Patient Perspective – True story 6/2024

Mid-June, my 88 year old mother began having significant cognitive issues.  Emergency response was called. She was taken to a nearby hospital for  treatment. She was admitted, received an initial assessment, a battery of blood  work, a CRT, and a MRI. She was admitted to the hospital for several days, receiving  repeats of all initial testing and more tests including a lumbar puncture. Days later she was discharged after no root cause could be determined. Follow-up psychiatric care was suggested as was  on-site nursing visits, occupational therapy and physical therapy.


IT Perspective

I am a retired IT Director with many years in healthcare, specifically Radiology. I look at events through a different lens because I know all the complexity of what must be  connected and working 100% to allow clinical staff to address patient care. My perspective became personal as I considered all the resources that come into  play. Below is a partial list of obvious and not-so-obvious touchpoints.


In the ER Department

* Was the admitting workstation on-line and functional as well as the laser  printer used to print documents and armbands.

* My mother’s demographic information was entered, and insurance verified.

* Was the HL7 messaging application fully on-line to receive  demographic information   

from the EMR and send orders to both the  lab and radiology applications?

* Was there a HL7 interface to an outside insurance provider so real- time verification 

could be performed.

* Was there any kind of interface between my mother’s primary care  physician’s EMR and the hospital EMR. She is allergic to many drugs  so hoping her allergy list could be transferred, otherwise I would need to manually obtain the list.


In the hospital

* Was the HL7 interface between the lab and the EMR working so her lab  results could quickly be available to all clinical staff In the medical imaging department

* Two orders for imaging were received. Orders could be received into a RIS,  into an intelligent workflow solution, or maybe into another application. Were  all of the application servers on-line, expected applications running, and  were they able to receive orders. These servers could be on-site, at a colo  location, or in the cloud. I did not care, nor would any clinician care.

* Was the application that provides modality worklists connected and  working? A 

modality worklist is just that, a list of patients to be scanned. A  worklist is critical so the    

tech does not have to enter information manually  which can create errors and delays.

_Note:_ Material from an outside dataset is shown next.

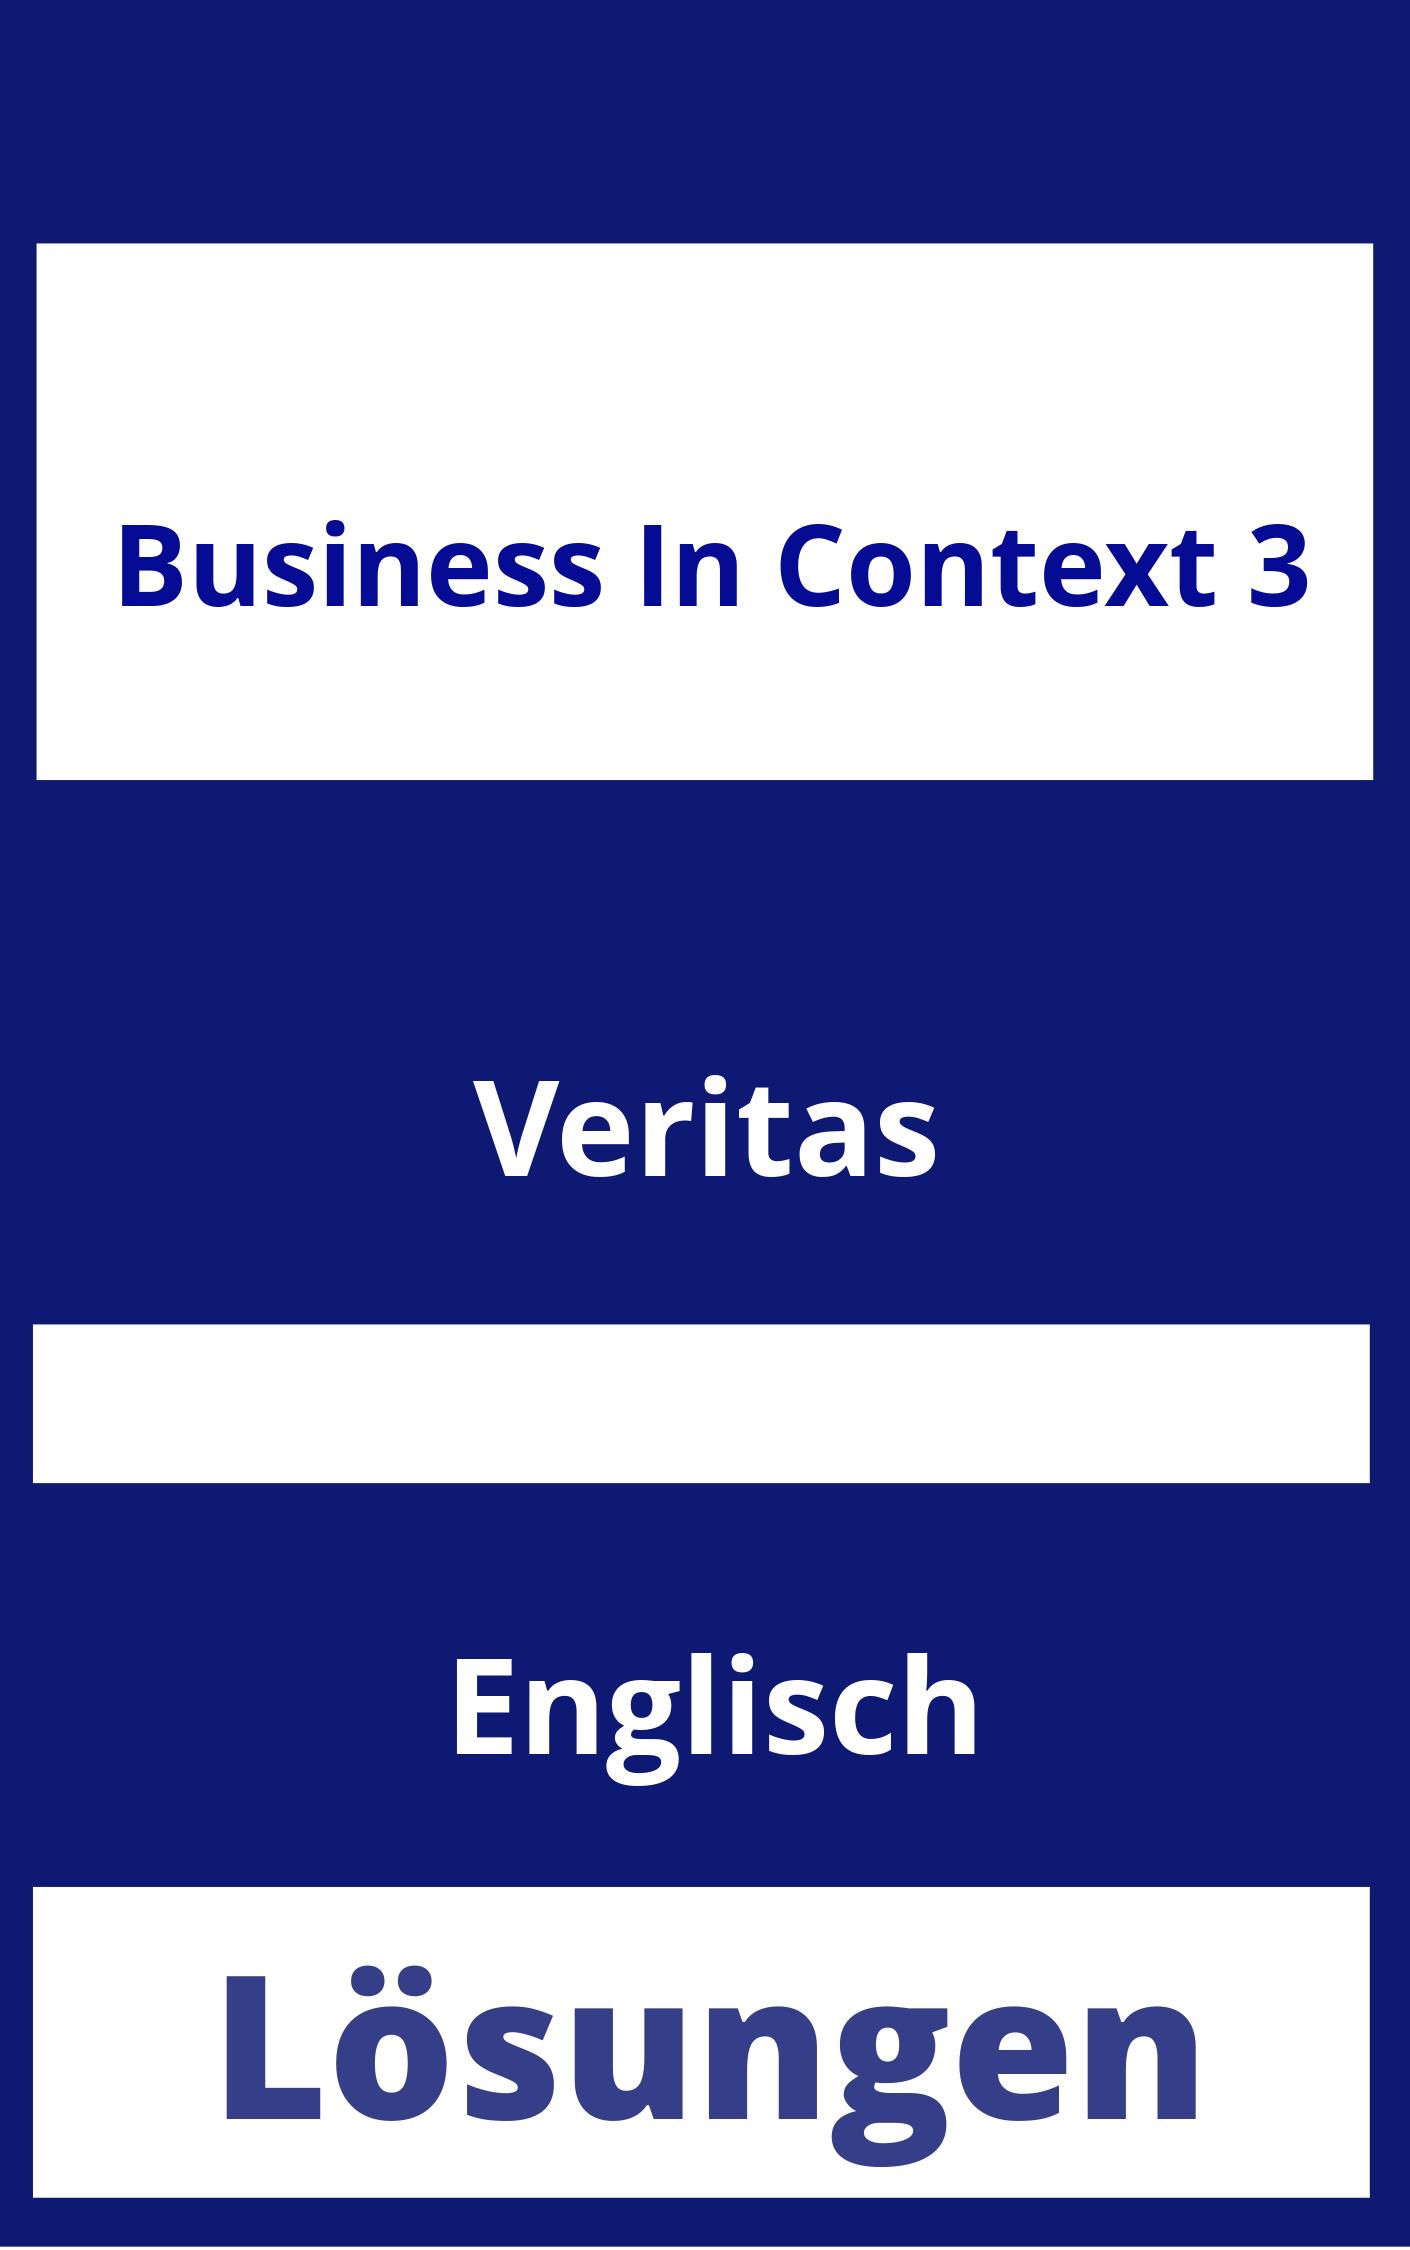 Business in context 3

* Studies were completed, and images were sent to one, maybe several  applications. I 

can name many applications that come into play, not to  mention the physical 

components to make sure the images were available to  a Radiologist. Was the speed 

of image transfer as expected throughout the  maze of connections? Was one or 

several AI applications used as part of the Radiologist’s diagnosis? Was the 

Radiologist reading workstation connected  and working as expected, knowing the 

workstation could be at the hospital,  at the Radiologist’s home, or literally across the 

country. Were all servers tied  to the voice recognition system in play? The touchpoints 

are massive.


I’m reminded of what a Radiologist said to me many years ago… If there is a  problem 

IT needs to know about it before I do…


Summary

I have identified only a small number of resources and workflows that come into  play when treating patients. In many environments resources must be connected  7x24x365. When there is a problem, timely notification must be sent to the  appropriate teams and individuals, so remediation can begin. Time is of the  essence.


PRTG’s solution can monitor all the touchpoints I’ve listed above using out-of-the- box components without ever installing a software agent on any workstation or clinical device. 


Proactive monitoring in a healthcare setting is much different than monitoring other  environments. It is patient care. It will affect you and your family at some point, and I  sincerely hope your medical environment has done all they can to ensure all is well.